IRVING, Texas – You might think that Roger Goodell has assembled a veritable “Dream Team” to carry the ball for the NFL when it comes to the slippery slope of investigations into personal conduct.
Consider the star power: B. Todd Jones is a former U.S. Attorney who was previously director of the Bureau of Alcohol, Tobacco, Firearms and Explosives. Cathy Lanier left her post as the police chief of Washington D.C. to join the NFL. Lisa Friel was once New York City’s prosecutor.
And the owner who chairs the league’s conduct committee, Arizona’s Michael Bidwill, brings some rich expertise as a former prosecutor, too.
Yet despite all of that experience and credibility, it may sometimes seem that the NFL has an ultimate “fantasy team” when it comes to getting to the bottom of real-world encounters that can leave such a stain on the league’s precious reputation.
As team owners gathered at a resort hotel near Dallas on Wednesday for a one-day meeting, the league vehemently defended its handling of the investigation into former Chiefs running back Kareem Hunt’s violence against a woman during a February incident at a Cleveland hotel – a case that broke open on Nov. 30 when TMZ released hotel surveillance camera video of the encounter.
Until that video became public, Hunt – who wasn’t arrested or charged after police responded to the woman’s 911 call – was a star for one of the league’s most explosive offenses.
Shortly after the video surfaced, Hunt was released by the Chiefs.
Yet it makes you wonder: If TMZ can get the video, why can’t the NFL save itself some embarrassment and get the footage itself?
The NFL won’t pay for it. Not then. Not now. Not tomorrow. Or so they declare.
“That is not likely at all,” Jones told reporters when asked if he could imagine any scenario where the league would pay for evidence. “To become mercenary and pay for videos opens up a Pandora’s Box of all kinds of opportunities and things that may come to us from not just surveillance videos in public places, or surveillance videos in residences, but you’re talking about the world of social media and everybody on a smartphone.
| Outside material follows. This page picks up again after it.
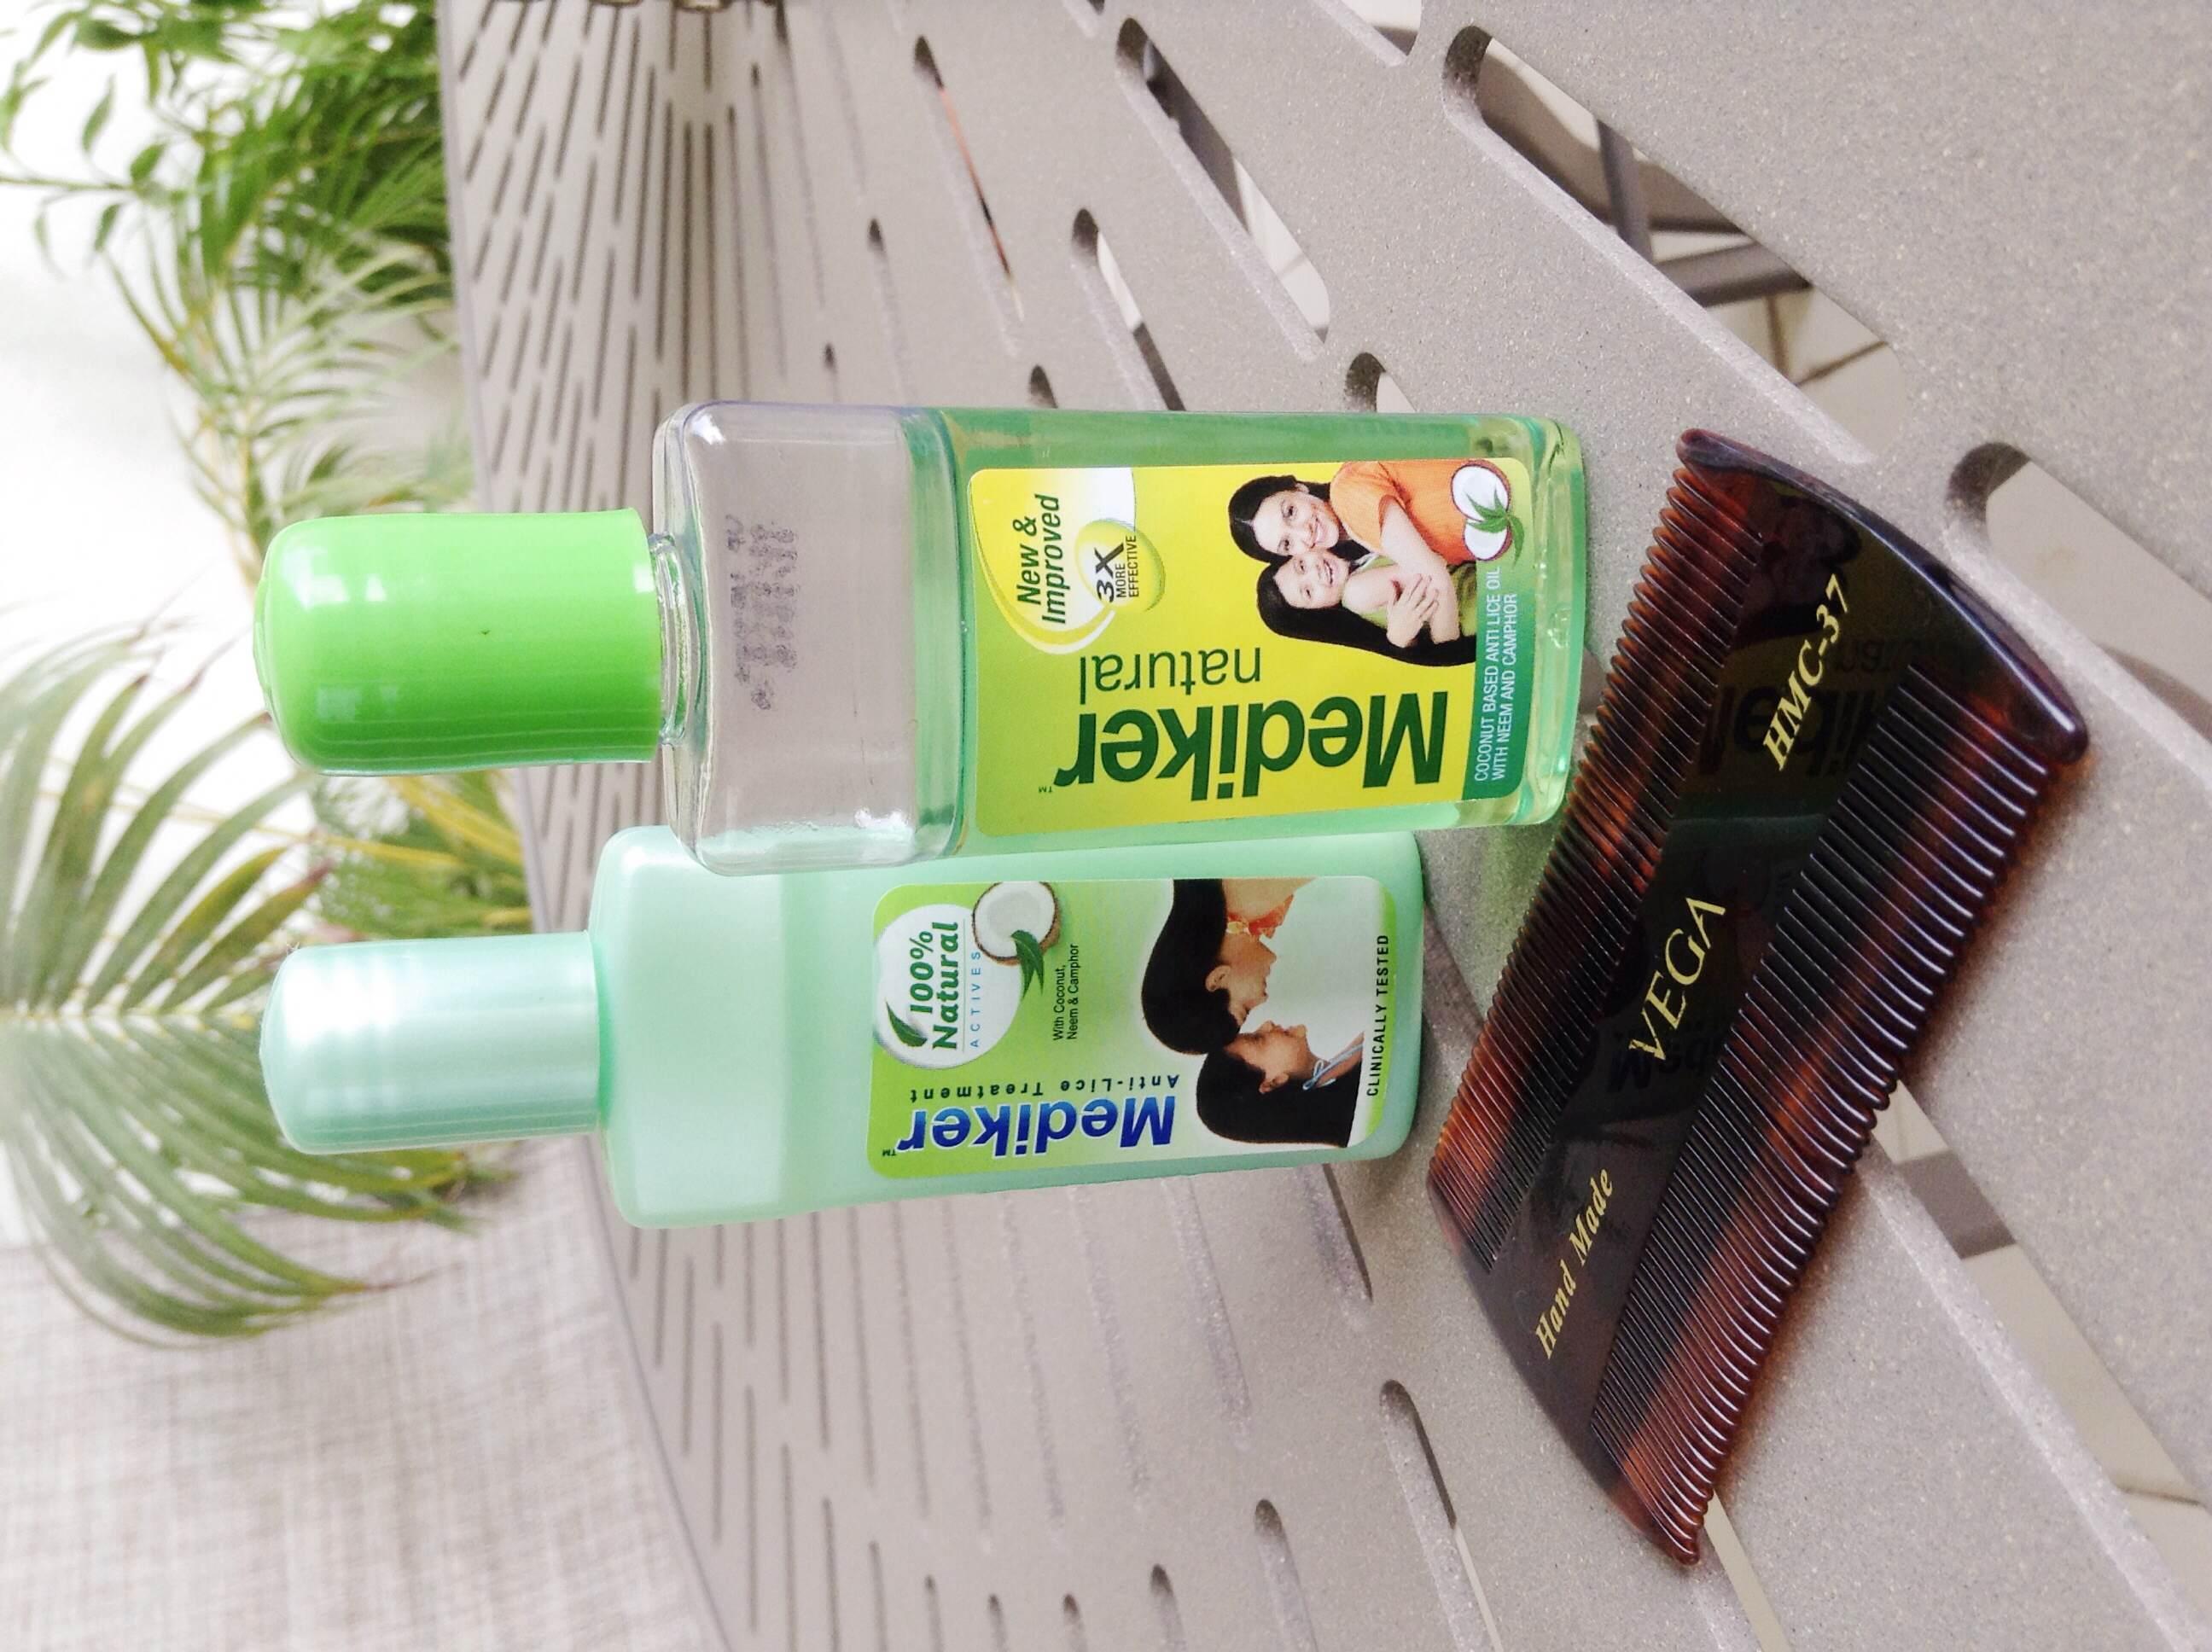 mediker lice treatment for kids in India

“TMZ is in the business of paying for people’s smartphone (material) for a fee, for service. And the NFL’s not going there.”
That’s a solid principle. Of course, the NFL doesn’t have subpoena power and its security agents, as Bidwill reminded, can’t make arrests.
Besides, paying for video would be encouraging people in some, if not many cases, to break the law by stealing from employers.
As Goodell echoed, “We’re not going to do it by corrupting people, by trying to bribe people. That’s not what we do.”
Of course, that moral ground probably wasn’t what former Panthers owner Jerry Richardson stood on when, according to Sports Illustrated, he made financial payments to former employees who accused him of workplace misconduct.
Then again, Richardson is out of the league, forced to sell his franchise (with mega millions in profit) after the scandal became public. But the details that were revealed about his case surely suggest that sometimes powerful people and organizations pay in order to save face.
Still, when it comes to NFL and investigations into personal conduct – beefed up with personnel, resources and policy after TMZ’s 2014 release of the inside-the-elevator video of Ray Rice knocking out then-fiancee Janay Palmer – there’s not much choice in eschewing a pay-per-view pattern. It’s just that the risk includes the embarrassments such as Hunt's case.
Even so, while Goodell and Co. contend that they are continuing to learn lessons, it seems strange that league investigators – knowing that some form of video existed – did not interview Hunt early in the process as the Chiefs did.
Jones maintained, “People in the business understand that you don’t sit down with the subject until you have a fuller handle on the facts because you’ve got to be able to ask some intelligent questions beyond, ‘Were you there and did you do anything?’ “
No doubt, four years after the NFL unveiled at this very site a tougher, comprehensive personal conduct policy and domestic violence policy, there are so many more lessons to learn.